Free Bird, Fly

The lyrics of Lynyrd Skynyrd filtered through my dream ruminations as I walked the dogs  earlier this morning. Often, spirit spends me messages through songs. They are a blunt, yet kind reminders of the crux of my present state.

Last night I dreamed I was in an elevator. After the doors were closed and the button was pushed, I found myself drifting swiftly towards the ceiling until I hovered there alone. Everyone else’s feet were grounded as the elevator moved towards its destination. I panicked, asking someone to pull me down. Finally, the bellhop grabbed my legs and pulled me to the floor. When my feet were back on level ground, I searched my wallet for a tip. Intending initially to give him 2, 1 dollar bills, I pulled out a 5 instead. In her book, The Hidden Power of Dreams, Denise Linn writes that the number 5 is often indicative of freedom, “the number of the free soul, of excitement, and of change.” It is “self-emancipating.” (p. 206)

The messages from spirit could not be more clear. A week ago I saw Eagle during meditation. After flying freely through the heavens, Eagle landed upon a large, white oval egg. As I watched, this symbol of freedom and the egg it clutched between its talons, it rotated upon the air as though upon an invisible pedestal. “What do you wish to tell me,” I asked. Eagle replied, “I am incubating you until you are ready to hatch out.”

When I asked my guides to bring me to the under-world for healing, I found myself on a pond with my palms turned up to the heavens. Beneath me I was sitting on a pink lotus flower, its petals in full bloom. I was Sarasvati, her energy pouring through my palms. A large, healthy fish swam around me, leaping through the surface like a dolphin.

I have a dear friend in Savannah, Georgia.

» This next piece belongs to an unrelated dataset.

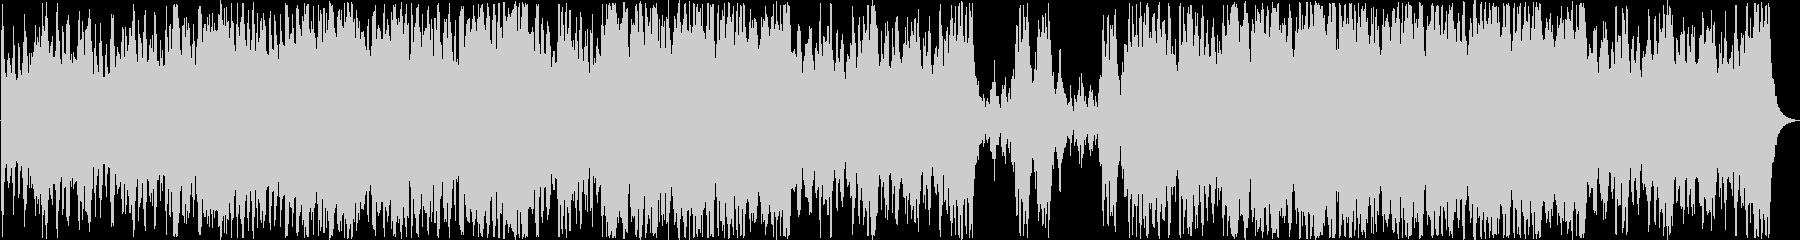 ティーン 現代的 交響曲 クラシッ...の未再生の波形

My friend is a transplant of the south, having grown up in the northeast. In the south she often finds herself the outsider. She is not only a writer, she is a mom and an environmental activist. We share these traits. While I have always shirked from confrontation though, my friend shines when she is “agitating the pot.” Her powerful, beautiful soul shines through in these moments when she stands, often alone, amongst the masses to voice her thoughts regarding perceived injustices. She was an instrumental force in shutting down a polluting power plant near her home. The victory resulted in the clearing of her son’s asthma. My friend is a testament to the power of the spirit. I find her power inspirational.

Often, it takes me long periods of bubbling silence until I finally reach the point of action. The water in the pot, nearly, if not already, boiling over. I have yet to achieve comfort in standing alone – in hovering above the crowds, secure in my wisdom. There are times though, when our souls call us to action; when silence is not the path to peace. Like my friend, I am often called to act when a situation not only concerns my own health (I mean this on a soul and physical level), but the health of my family. I have to trust that sometimes my vision extends beyond those around me, to the seat of the soul. This is a sometimes troubling “gift” I have had since childhood. When I was young and opened my mouth to speak my truth, I was silenced. The same fear holds me like an invisible noose.

The challenge for many of us, I suspect, is learning to speak with compassion and conviction. Oppressors of individual freedom most often have no idea that they are oppressors, as they exist within their own environments of fear. When we oppress others, our souls are crying out for our own freedom, yet our shadow selves will often take over and use “power” or physical force to silence those around us. Often those who are silenced are the souls who have been victimized many times in the past (or in traumatic past lives that they are still recovering from). They are easy targets.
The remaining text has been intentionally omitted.